Infrastructure upgrades

Last year, new users of Dailygraphics started to notice warnings in the console for the mold-source-map package — nothing fatal, but alarming. This package turns out to be part of the venerable Browserify bundler, which the rig used to combine and compile client-side scripts. One of the earliest script compilation tools from the modern JavaScript tooling era, Browserify was clearly suffering from some developer neglect compared to more modern tools like Webpack or Rollup.

The Dailygraphics rig does have slightly different needs from most front-end projects, which means we can’t just pull in off-the-shelf bundler configuration. For one thing, it’s building an arbitrary set of bundles based on the contents of the graphics repo, not a single well-known output. It also needs to compile dependencies from modules in a non-standard location, since the graphics are kept outside the rig itself. And it should be able to do so entirely in-memory, without producing files on disk, since Dailygraphics Next doesn’t store any of its compiled artifacts locally.

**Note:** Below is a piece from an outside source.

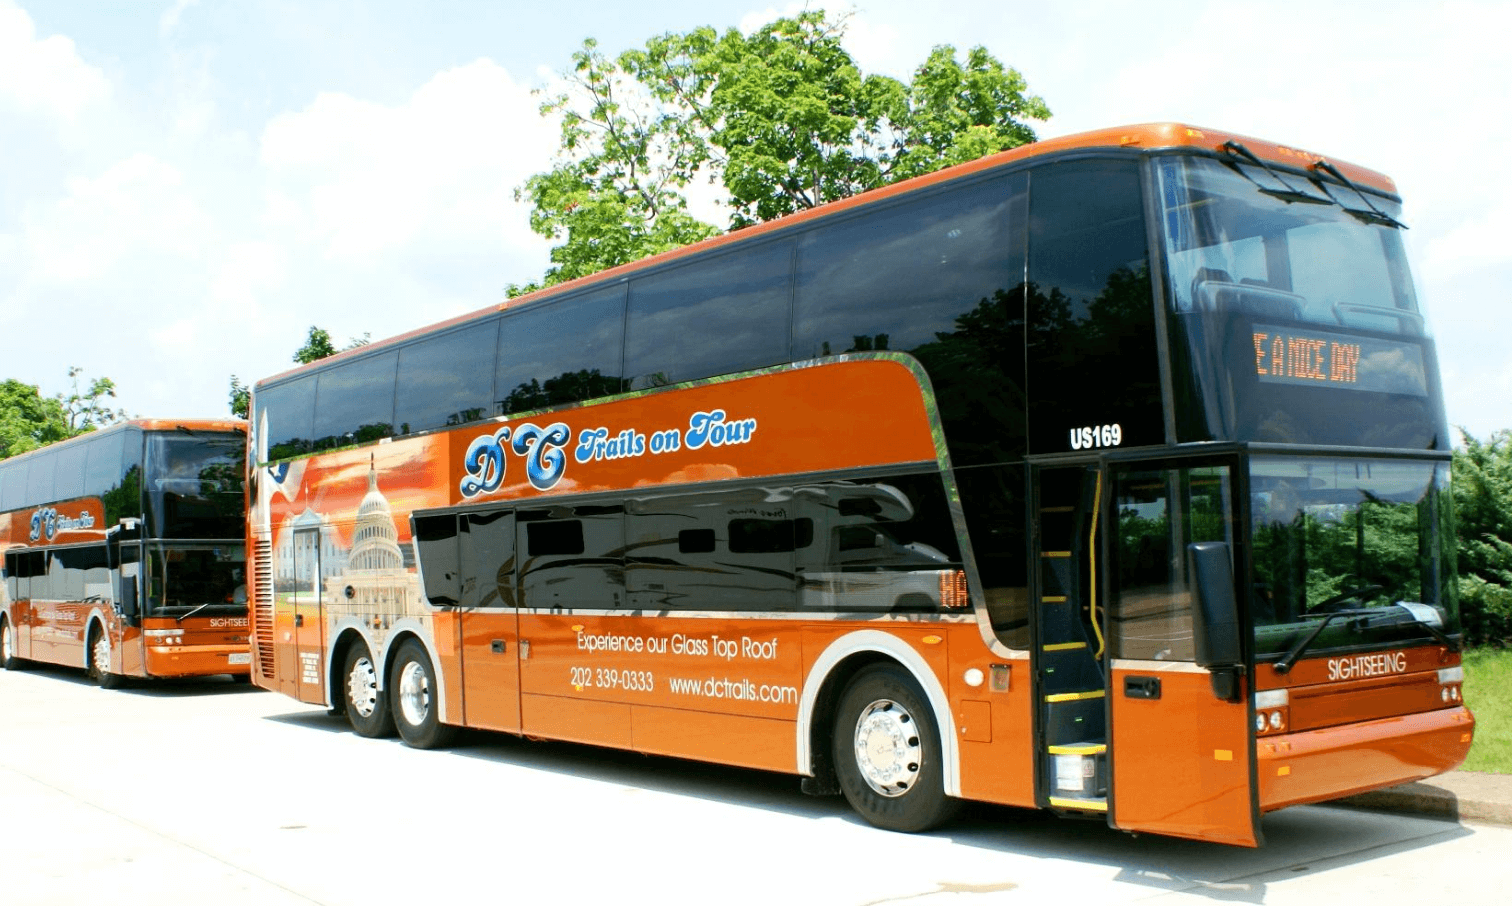 bus tour companies in the united states

After some experimentation, we were able to move pretty seamlessly from Browserify to Rollup as a bundler, without breaking compatibility with older graphics at either Chalkbeat or at NPR. This change should put the rig onto firmer ground moving forward, including creating an easier path for moving to the newest versions of D3 (which is only distributed using the ES module import syntax that Rollup natively supports).

While we were in the guts of the rig’s dependencies, we were also able to update some other infrastructure: it now uses the newest version of the AWS client libraries, which we hope will make it more reliable when publishing and synchronizing graphics.

CSV and offline support

If you’ve ever had to set up a fresh newsroom dataviz toolchain, you know that one of the most painful parts of the process is getting authorization right. While the Google integration of the Dailygraphics rig is one of its biggest selling points, it’s also a cryptic trudge through OAuth tokens, environment variables, and a constantly changing service console. The need to authorize against a Google account also means that even with aggressive caching, it’s often difficult to use the rig if you’re traveling or on a less-reliable network connection.

Spurred by a summer of travel and relocation, team member Kae Petrin and I decided to take this opportunity to give the rig the ability to work with local data instead of pulling from Sheets. We did so by adding CSV support to its data pipeline based on a new manifest key.

If you want, you can now create graphics templates that never talk to Google at all, just by swapping references to the COPY variable in the HTML layer over to the new CSV object. This also plays nicely with the rig’s synchronization support: large data files can be excluded from source control, synchronized to S3, processed externally, and accessed as local CSV.

Hand-in-hand with this functionality, there’s now a new --offline flag for the rig that disables the authentication checks it normally performs. This “airplane mode” will still reach out to the Google Drive API if you load a graphic that includes a "sheet" or "doc" key in its manifest, but it won’t ever redirect you to the “authorize account” screen if your connection drops momentarily, making it a handy option for developers who want a fully local workflow, or who need the rig to just back off a little bit while on the road.

Join us on the cutting edge (or not)

Do these additions sound interesting to you? If so, feel free to pull from our Dailygraphics fork, which is under active development. However, if you’d prefer a little more vetting, many of these features have already been merged upstream into the main NPR version of the rig, where they’re tested by the team there before being enabled. At the time of this writing, the Rollup bundler and AWS upgrades have been merged in, and Docs support is in a branch undergoing testing.